Skating Through Life


I roller-skated to school one day when I was in Mrs. Jones' first grade class. I was waiting by my classroom door when I noticed how very tall I felt. I wondered, as I thought about my tallness, how I would be different when I was grown up.

It is one of those solid moments that has served as something of a gauging memory for the rest of my life. I've realized from age to age that I haven't changed a bit. I felt, in first grade, that if someone would give me a job, I could pretty much take care of myself if necessary. I was me and that's all it would take.

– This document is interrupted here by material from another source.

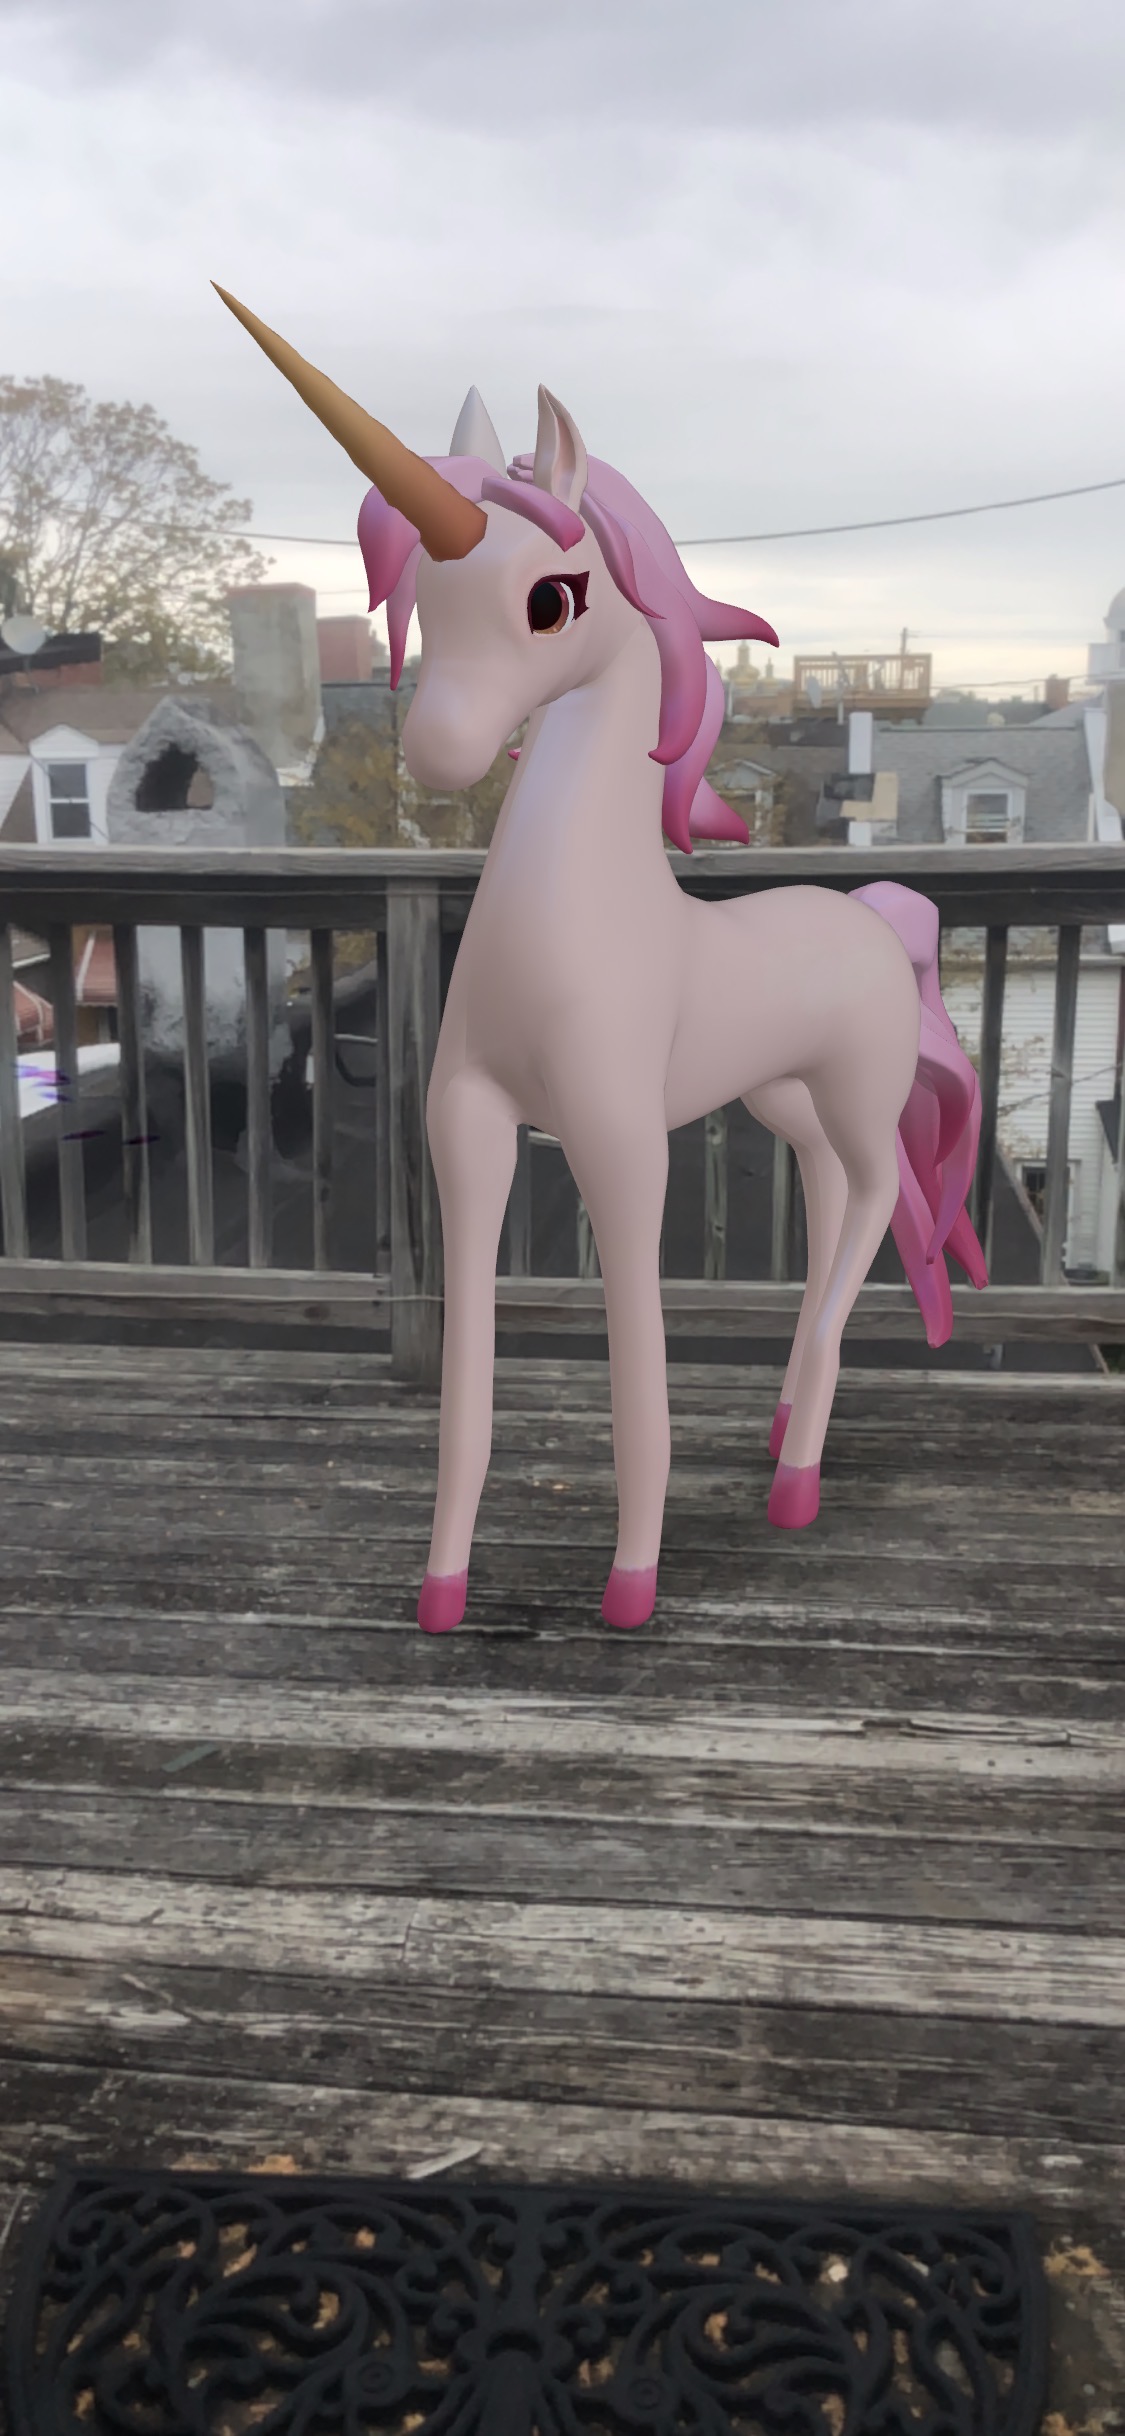 Balti Virtual found a unicorn on a roof deck. (Courtesy photo)

That's pretty adult thinking, I guess, but I don't really think we ever were children in our own heads. I think we've just always been "us" placed in a changing package. The thing is, we don't see the changes. I feel like the very same person I was when I was standing on my skates outside of my classroom. I'm still looking out at the world like I always did and my thoughts, I think, were every bit as complex then as they are today. I wasn't watching me change, either. I was watching the world.

Today I'm still the same person I was when I was six. What I do wonder, now, is when people stopped laughing when I tripped and fell and started wringing their hands? I wish they'd still laugh because it is still funny even if it hurts a little longer. People, I guess, are looking at the packaging and not me anymore.

I look at my four and six-year-old granddaughters and find myself realizing that they undoubtedly are experiencing the same things as I have. They are first, and foremost, people. They are not aware that their thinking is immature. We underestimate children alot, I suppose, because we don't remember like we should. But I also think that people underestimate us, the older packages, for the same reason. Everyone should remember that we, too, are the very same person we were when we were six or twenty-one or fifty. I want to be remembered that way. Not as a six-year-old, but simply as a person who is as viable as anyone else. And someone who looks just as funny when she walks into the edge of a door.

2 comments:

Anne said...

I love your blog! My dad sent me a link to it the other day and I am a faithful reader of the past 4 days :). Your entries are so thoughtful and thought provoking -- very refreshing.

Linda Aukschun said...

You are delightful. Thanks you for the feedback. I love you. I understand that your mother is going to be spending some good time with you this summer? Lucky you, lucky her.